● **The task**
Copy verbatim the block of lines in the entries below whose first line contains "A photo of a ladybug without spots" and whose last line contains "1820s English Regency". Leave out all other lines.
Start of The records
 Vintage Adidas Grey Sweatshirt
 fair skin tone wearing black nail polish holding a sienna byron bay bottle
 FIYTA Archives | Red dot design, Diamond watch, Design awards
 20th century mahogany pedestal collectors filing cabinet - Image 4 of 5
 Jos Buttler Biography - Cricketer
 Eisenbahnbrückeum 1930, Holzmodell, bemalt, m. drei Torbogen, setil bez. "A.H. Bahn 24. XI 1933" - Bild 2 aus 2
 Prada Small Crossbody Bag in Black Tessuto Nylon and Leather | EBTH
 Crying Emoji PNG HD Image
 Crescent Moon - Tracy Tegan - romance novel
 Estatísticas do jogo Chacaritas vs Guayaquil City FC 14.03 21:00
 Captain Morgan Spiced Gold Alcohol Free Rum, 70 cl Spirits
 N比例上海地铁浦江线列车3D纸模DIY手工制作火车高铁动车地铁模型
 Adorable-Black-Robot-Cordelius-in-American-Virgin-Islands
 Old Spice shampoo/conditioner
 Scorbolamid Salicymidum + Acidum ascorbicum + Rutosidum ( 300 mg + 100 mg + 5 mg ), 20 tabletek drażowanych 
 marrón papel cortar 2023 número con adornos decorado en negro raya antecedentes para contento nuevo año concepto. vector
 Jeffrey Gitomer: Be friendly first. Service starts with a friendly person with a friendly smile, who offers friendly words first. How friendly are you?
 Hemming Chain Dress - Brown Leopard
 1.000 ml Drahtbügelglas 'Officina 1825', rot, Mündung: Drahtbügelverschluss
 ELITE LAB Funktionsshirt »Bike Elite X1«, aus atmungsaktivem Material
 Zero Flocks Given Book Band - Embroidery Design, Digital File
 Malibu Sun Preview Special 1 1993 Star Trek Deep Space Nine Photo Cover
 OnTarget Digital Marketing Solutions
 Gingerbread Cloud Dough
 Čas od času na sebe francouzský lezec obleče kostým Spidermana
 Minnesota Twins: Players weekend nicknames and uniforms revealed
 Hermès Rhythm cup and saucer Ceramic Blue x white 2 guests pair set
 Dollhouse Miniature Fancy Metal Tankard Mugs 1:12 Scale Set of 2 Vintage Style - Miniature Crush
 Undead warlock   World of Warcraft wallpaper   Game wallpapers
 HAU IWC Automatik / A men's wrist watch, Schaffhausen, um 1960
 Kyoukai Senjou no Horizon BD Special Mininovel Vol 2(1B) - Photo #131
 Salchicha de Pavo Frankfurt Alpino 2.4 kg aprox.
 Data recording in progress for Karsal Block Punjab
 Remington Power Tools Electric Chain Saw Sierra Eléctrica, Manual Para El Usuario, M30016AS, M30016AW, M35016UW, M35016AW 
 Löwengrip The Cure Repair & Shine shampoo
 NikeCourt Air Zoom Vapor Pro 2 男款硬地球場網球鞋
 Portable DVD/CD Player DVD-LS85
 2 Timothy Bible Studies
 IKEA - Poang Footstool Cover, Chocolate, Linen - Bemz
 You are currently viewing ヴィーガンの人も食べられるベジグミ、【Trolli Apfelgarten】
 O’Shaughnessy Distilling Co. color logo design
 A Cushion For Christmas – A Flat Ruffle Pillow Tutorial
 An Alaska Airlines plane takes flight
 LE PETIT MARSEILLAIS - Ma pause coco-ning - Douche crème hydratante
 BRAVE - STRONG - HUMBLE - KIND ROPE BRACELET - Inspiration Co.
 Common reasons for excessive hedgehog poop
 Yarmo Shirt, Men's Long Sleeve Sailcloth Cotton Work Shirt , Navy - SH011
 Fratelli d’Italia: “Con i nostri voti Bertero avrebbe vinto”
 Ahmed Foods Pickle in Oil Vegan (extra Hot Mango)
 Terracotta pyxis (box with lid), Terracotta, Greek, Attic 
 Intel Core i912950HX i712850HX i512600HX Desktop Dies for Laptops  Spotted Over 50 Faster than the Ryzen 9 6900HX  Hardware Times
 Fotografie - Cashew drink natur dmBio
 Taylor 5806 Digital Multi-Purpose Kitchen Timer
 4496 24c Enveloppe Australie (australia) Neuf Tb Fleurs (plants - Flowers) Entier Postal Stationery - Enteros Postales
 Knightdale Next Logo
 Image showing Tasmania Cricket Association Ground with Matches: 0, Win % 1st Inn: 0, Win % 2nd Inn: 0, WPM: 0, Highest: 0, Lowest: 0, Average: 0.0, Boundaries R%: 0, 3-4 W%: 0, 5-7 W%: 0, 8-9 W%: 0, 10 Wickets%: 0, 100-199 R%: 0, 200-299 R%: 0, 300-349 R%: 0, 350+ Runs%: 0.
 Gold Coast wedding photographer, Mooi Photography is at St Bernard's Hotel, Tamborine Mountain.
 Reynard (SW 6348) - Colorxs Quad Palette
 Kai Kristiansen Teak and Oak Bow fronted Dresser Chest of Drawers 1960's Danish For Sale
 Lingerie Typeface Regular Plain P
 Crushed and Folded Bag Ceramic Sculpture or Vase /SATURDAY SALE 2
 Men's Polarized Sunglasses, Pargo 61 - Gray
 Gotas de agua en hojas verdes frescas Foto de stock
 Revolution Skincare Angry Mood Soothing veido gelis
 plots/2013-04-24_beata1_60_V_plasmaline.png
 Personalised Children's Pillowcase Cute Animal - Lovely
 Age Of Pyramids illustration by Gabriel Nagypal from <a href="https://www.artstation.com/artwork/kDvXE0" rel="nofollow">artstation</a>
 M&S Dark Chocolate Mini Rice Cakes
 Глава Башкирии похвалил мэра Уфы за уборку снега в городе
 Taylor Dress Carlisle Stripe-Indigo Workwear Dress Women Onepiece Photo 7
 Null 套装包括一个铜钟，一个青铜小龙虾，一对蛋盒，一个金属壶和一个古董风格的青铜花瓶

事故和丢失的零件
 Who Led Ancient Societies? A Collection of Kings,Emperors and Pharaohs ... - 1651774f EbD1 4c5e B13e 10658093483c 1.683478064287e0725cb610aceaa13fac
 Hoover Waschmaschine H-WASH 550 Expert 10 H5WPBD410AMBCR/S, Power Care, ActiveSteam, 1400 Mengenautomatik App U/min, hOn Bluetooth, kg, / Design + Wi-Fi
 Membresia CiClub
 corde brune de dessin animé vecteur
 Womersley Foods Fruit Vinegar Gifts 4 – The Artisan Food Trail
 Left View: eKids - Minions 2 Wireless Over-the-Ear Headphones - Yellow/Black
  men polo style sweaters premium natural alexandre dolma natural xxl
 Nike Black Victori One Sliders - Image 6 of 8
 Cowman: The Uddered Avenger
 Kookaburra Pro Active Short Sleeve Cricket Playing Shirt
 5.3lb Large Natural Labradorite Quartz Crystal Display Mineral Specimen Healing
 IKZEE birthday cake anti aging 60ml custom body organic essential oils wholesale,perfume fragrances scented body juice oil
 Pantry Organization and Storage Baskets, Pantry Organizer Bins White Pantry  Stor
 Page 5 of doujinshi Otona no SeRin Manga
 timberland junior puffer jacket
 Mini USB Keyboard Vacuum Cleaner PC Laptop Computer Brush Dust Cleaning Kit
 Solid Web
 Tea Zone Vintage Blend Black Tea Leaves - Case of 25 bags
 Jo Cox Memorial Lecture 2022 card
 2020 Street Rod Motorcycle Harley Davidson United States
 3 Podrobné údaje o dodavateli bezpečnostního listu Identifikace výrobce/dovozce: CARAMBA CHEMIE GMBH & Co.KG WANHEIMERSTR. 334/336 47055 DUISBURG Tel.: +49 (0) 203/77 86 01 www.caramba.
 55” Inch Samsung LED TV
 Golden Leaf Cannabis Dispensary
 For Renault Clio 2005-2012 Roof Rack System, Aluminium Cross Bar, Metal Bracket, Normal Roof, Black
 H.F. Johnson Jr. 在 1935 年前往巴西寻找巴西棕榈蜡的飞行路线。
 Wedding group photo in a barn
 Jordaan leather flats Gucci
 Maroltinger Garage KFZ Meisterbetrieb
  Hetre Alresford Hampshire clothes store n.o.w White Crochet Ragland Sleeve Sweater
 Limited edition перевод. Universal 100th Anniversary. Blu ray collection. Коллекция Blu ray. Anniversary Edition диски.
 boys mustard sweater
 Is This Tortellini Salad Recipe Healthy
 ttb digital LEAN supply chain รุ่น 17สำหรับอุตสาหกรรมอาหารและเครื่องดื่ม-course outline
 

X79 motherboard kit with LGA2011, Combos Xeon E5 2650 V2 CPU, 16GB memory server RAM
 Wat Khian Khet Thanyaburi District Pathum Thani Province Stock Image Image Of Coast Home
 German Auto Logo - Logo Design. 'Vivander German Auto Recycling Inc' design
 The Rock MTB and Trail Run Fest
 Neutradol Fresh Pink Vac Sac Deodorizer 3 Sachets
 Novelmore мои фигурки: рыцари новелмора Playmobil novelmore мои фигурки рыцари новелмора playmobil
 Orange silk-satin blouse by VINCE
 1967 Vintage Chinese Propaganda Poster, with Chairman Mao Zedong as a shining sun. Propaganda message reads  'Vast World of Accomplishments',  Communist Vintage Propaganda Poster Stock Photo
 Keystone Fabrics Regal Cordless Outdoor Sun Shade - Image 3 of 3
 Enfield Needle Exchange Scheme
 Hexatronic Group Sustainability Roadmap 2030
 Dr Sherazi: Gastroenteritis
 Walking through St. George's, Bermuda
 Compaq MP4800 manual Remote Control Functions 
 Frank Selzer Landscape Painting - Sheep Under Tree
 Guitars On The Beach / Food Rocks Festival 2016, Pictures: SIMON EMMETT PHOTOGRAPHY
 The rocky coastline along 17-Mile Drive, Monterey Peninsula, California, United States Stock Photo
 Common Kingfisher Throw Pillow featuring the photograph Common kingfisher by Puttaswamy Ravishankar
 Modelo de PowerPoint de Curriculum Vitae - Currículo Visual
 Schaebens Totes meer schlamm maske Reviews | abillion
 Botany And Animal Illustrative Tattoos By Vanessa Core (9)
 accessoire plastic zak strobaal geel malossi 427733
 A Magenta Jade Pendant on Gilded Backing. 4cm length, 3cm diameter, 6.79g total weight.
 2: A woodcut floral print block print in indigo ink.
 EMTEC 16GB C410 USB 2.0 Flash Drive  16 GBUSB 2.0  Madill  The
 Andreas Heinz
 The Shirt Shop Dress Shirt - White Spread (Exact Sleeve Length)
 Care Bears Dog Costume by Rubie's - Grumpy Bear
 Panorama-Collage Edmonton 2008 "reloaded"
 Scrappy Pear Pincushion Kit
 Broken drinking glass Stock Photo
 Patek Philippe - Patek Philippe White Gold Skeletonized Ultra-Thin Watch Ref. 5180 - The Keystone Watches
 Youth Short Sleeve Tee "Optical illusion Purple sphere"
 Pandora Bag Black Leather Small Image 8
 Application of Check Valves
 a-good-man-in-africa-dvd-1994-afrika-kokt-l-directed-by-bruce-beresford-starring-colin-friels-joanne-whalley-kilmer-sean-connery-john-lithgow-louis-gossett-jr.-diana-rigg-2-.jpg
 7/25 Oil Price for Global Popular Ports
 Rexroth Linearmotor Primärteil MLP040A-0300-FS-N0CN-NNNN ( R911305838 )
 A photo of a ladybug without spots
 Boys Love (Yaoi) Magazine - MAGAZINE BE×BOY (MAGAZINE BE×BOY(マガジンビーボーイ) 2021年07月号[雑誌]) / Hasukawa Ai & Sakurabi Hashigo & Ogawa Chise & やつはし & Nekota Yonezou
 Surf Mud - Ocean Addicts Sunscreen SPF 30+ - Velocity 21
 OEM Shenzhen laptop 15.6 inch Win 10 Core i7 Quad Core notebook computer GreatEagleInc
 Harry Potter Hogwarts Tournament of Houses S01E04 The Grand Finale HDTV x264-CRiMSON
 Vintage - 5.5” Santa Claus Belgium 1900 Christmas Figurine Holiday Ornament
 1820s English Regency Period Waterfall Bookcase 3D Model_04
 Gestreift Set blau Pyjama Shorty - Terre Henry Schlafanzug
End of The records
● **Task answer**
 A photo of a ladybug without spots
 Boys Love (Yaoi) Magazine - MAGAZINE BE×BOY (MAGAZINE BE×BOY(マガジンビーボーイ) 2021年07月号[雑誌]) / Hasukawa Ai & Sakurabi Hashigo & Ogawa Chise & やつはし & Nekota Yonezou
 Surf Mud - Ocean Addicts Sunscreen SPF 30+ - Velocity 21
 OEM Shenzhen laptop 15.6 inch Win 10 Core i7 Quad Core notebook computer GreatEagleInc
 Harry Potter Hogwarts Tournament of Houses S01E04 The Grand Finale HDTV x264-CRiMSON
 Vintage - 5.5” Santa Claus Belgium 1900 Christmas Figurine Holiday Ornament
 1820s English Regency Period Waterfall Bookcase 3D Model_04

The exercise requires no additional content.